Give the data below again exactly, and drop each picture from it.

*** Collected data Section Begins ***

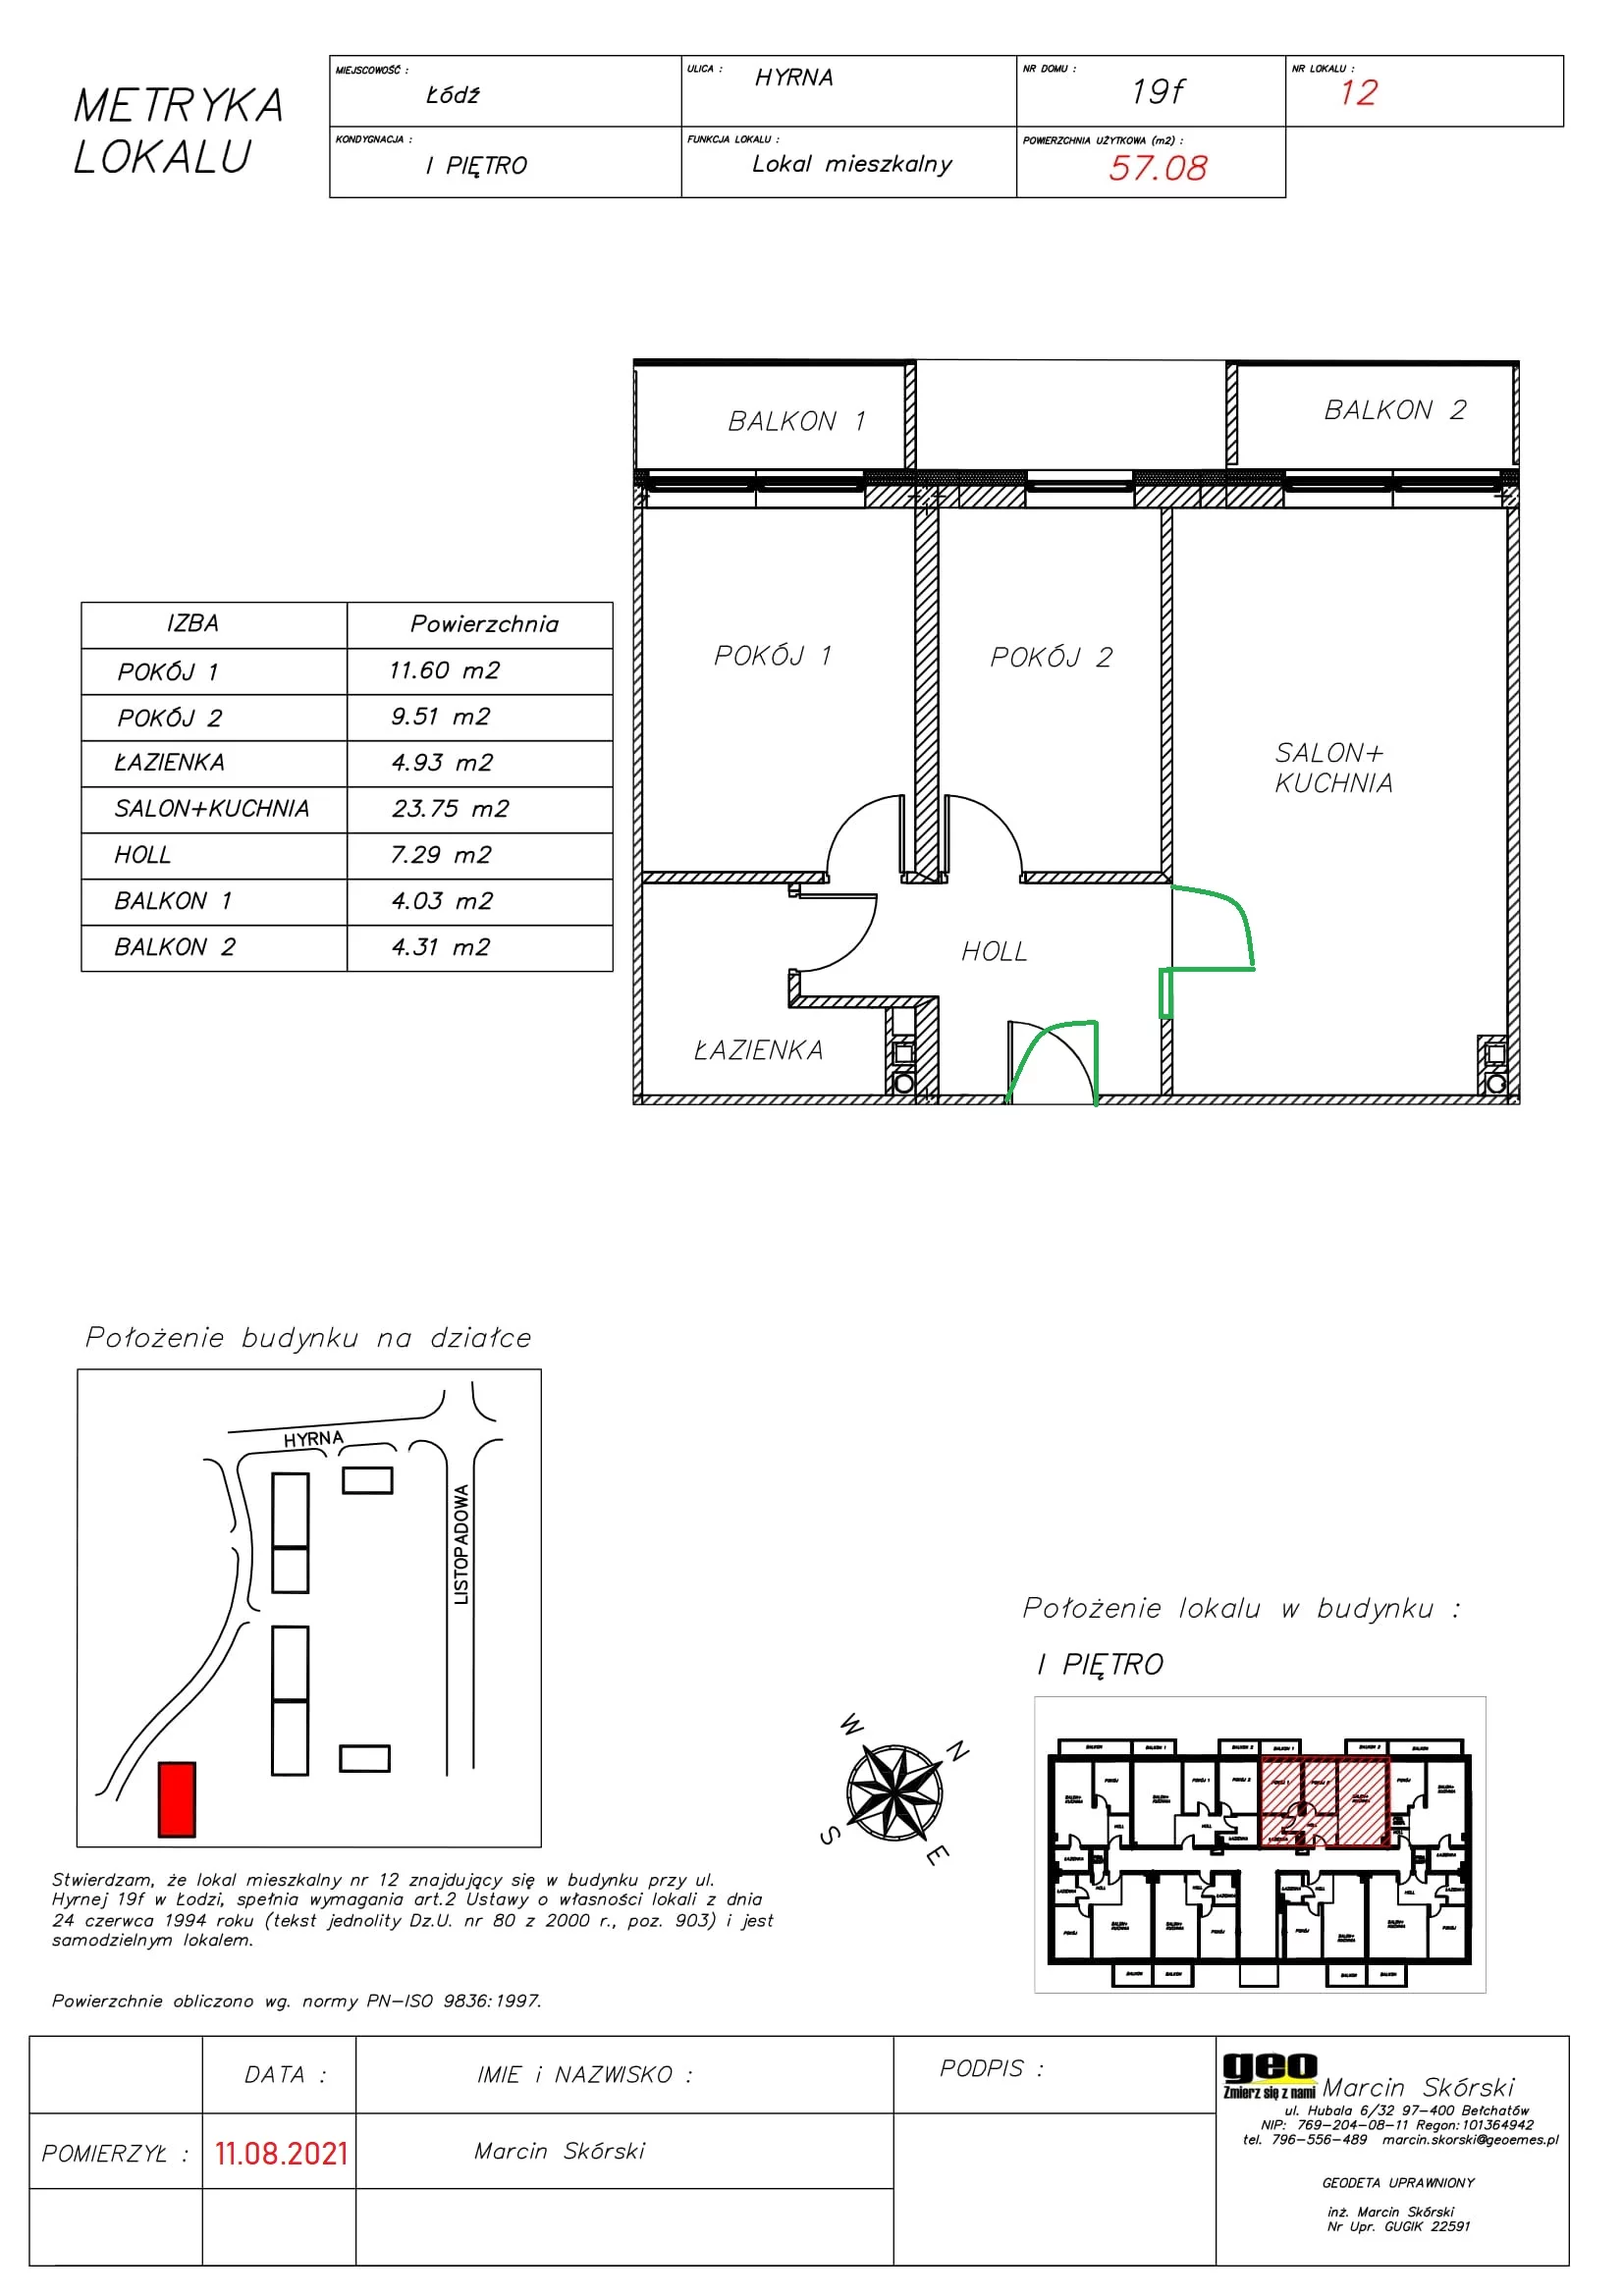 Mieszkanie 57,08 m², piętro 1, oferta nr J/1/12, Natura Park, Łódź, Widzew, Dolina Łódki, ul. Listopadowa
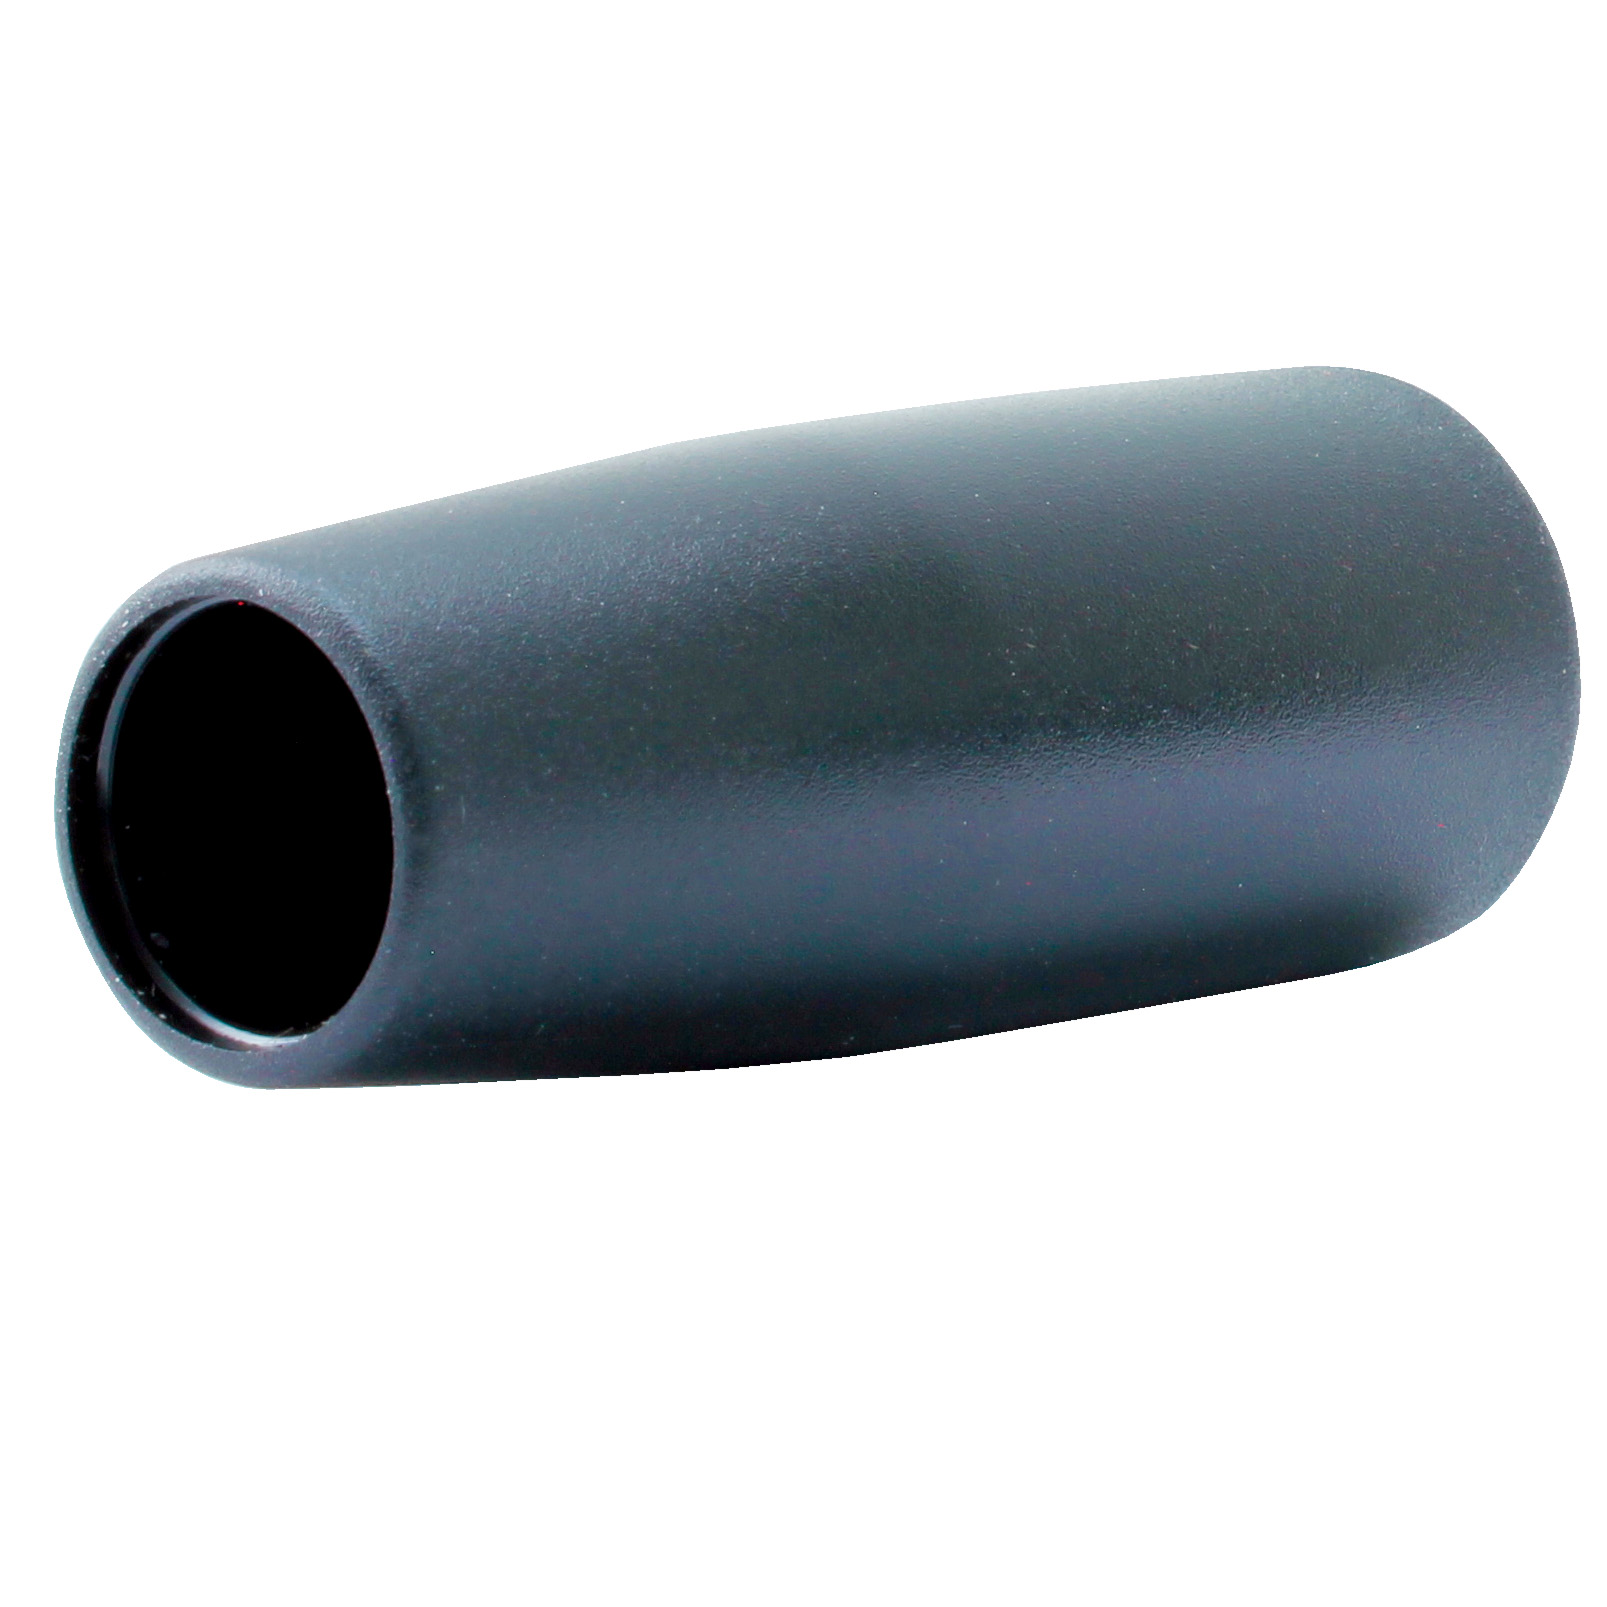 Conical flexible shaft handlee Ø22 - Black PVC - Shafts Ø7 to Ø14 - 
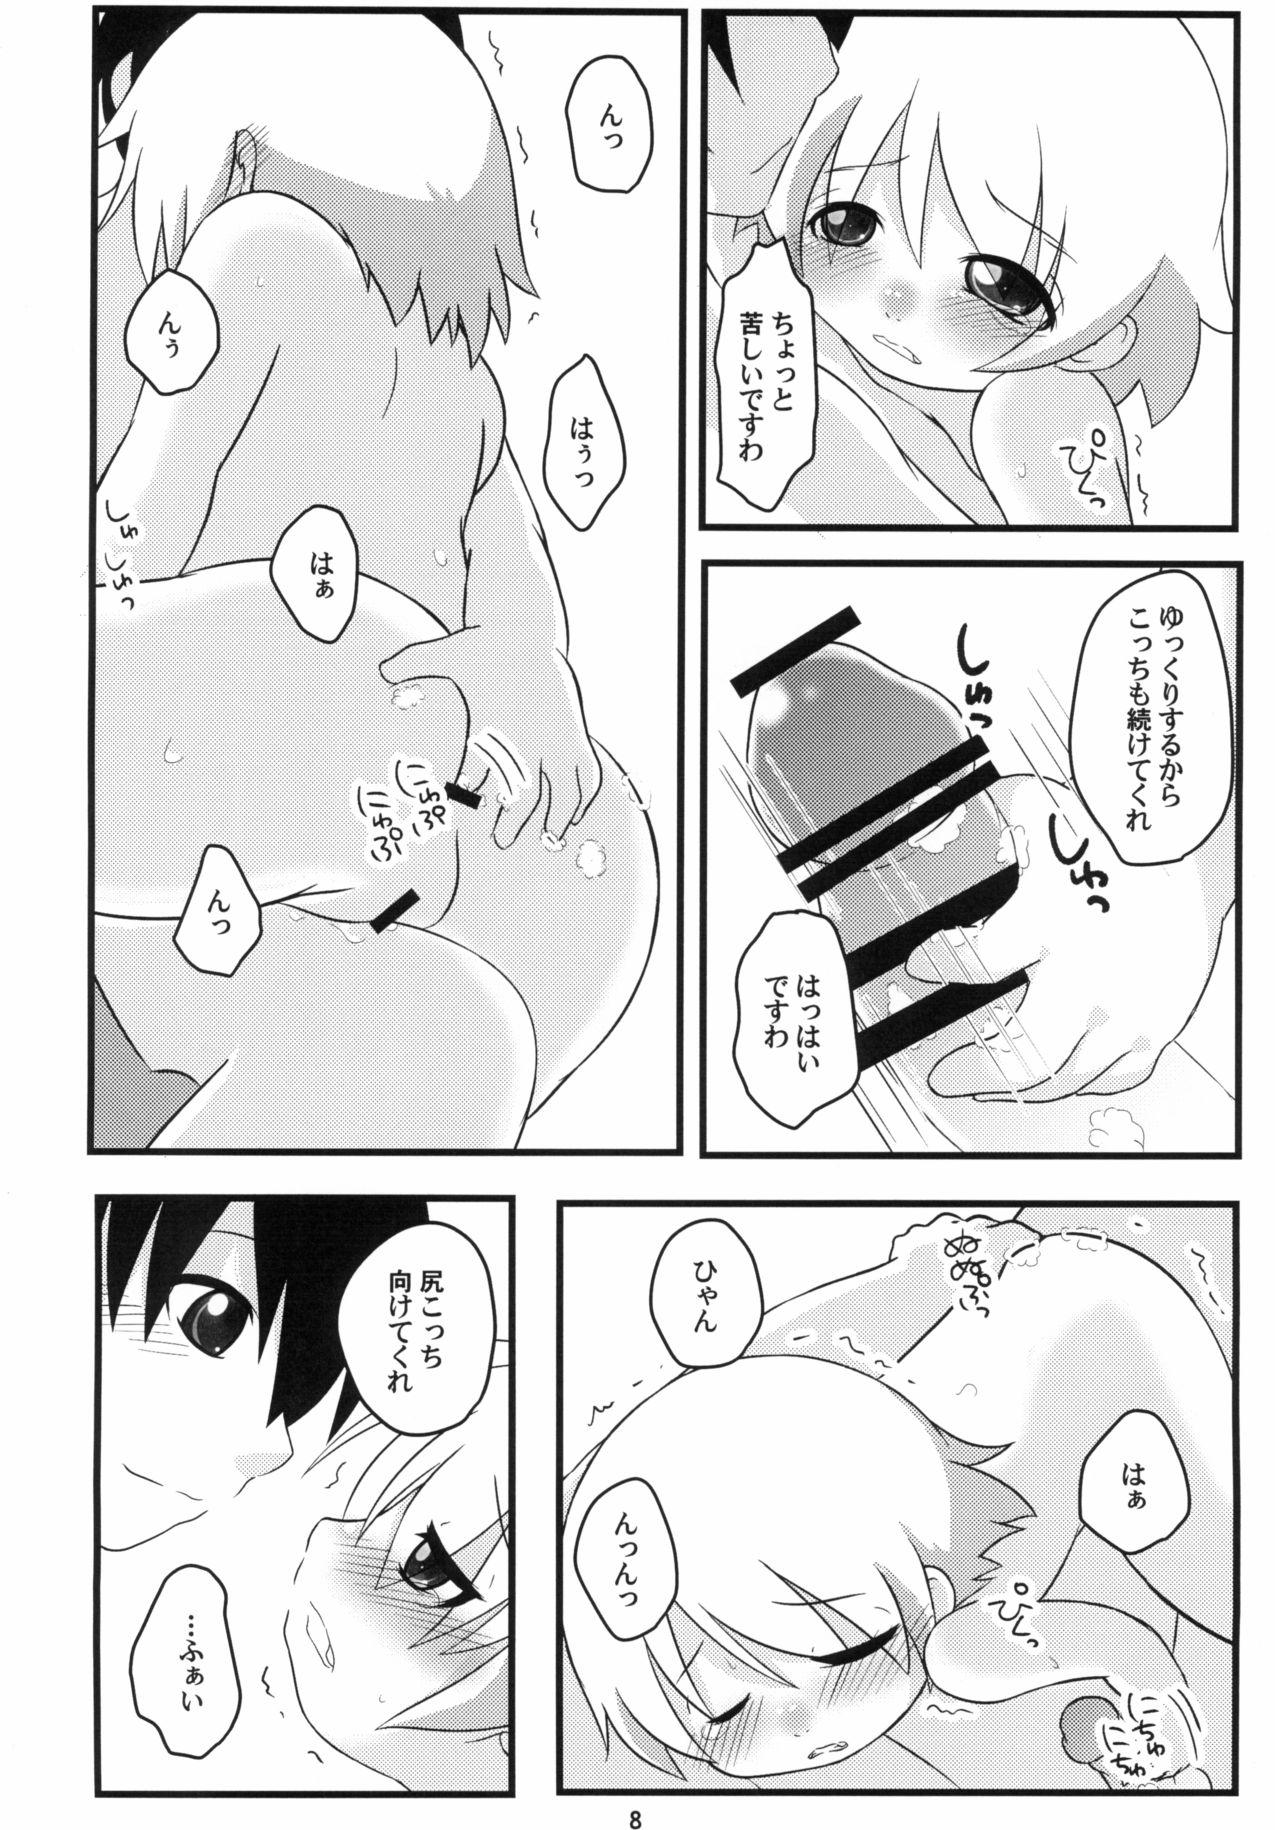 Sex Toy Hinamisawa Karagenki - Higurashi no naku koro ni | when they cry Cdzinha - Page 8

*** Collected data Section Ends ***

**Response for this exercise**
 Mieszkanie 57,08 m², piętro 1, oferta nr J/1/12, Natura Park, Łódź, Widzew, Dolina Łódki, ul. Listopadowa
 Conical flexible shaft handlee Ø22 - Black PVC - Shafts Ø7 to Ø14 - 
 Sex Toy Hinamisawa Karagenki - Higurashi no naku koro ni | when they cry Cdzinha - Page 8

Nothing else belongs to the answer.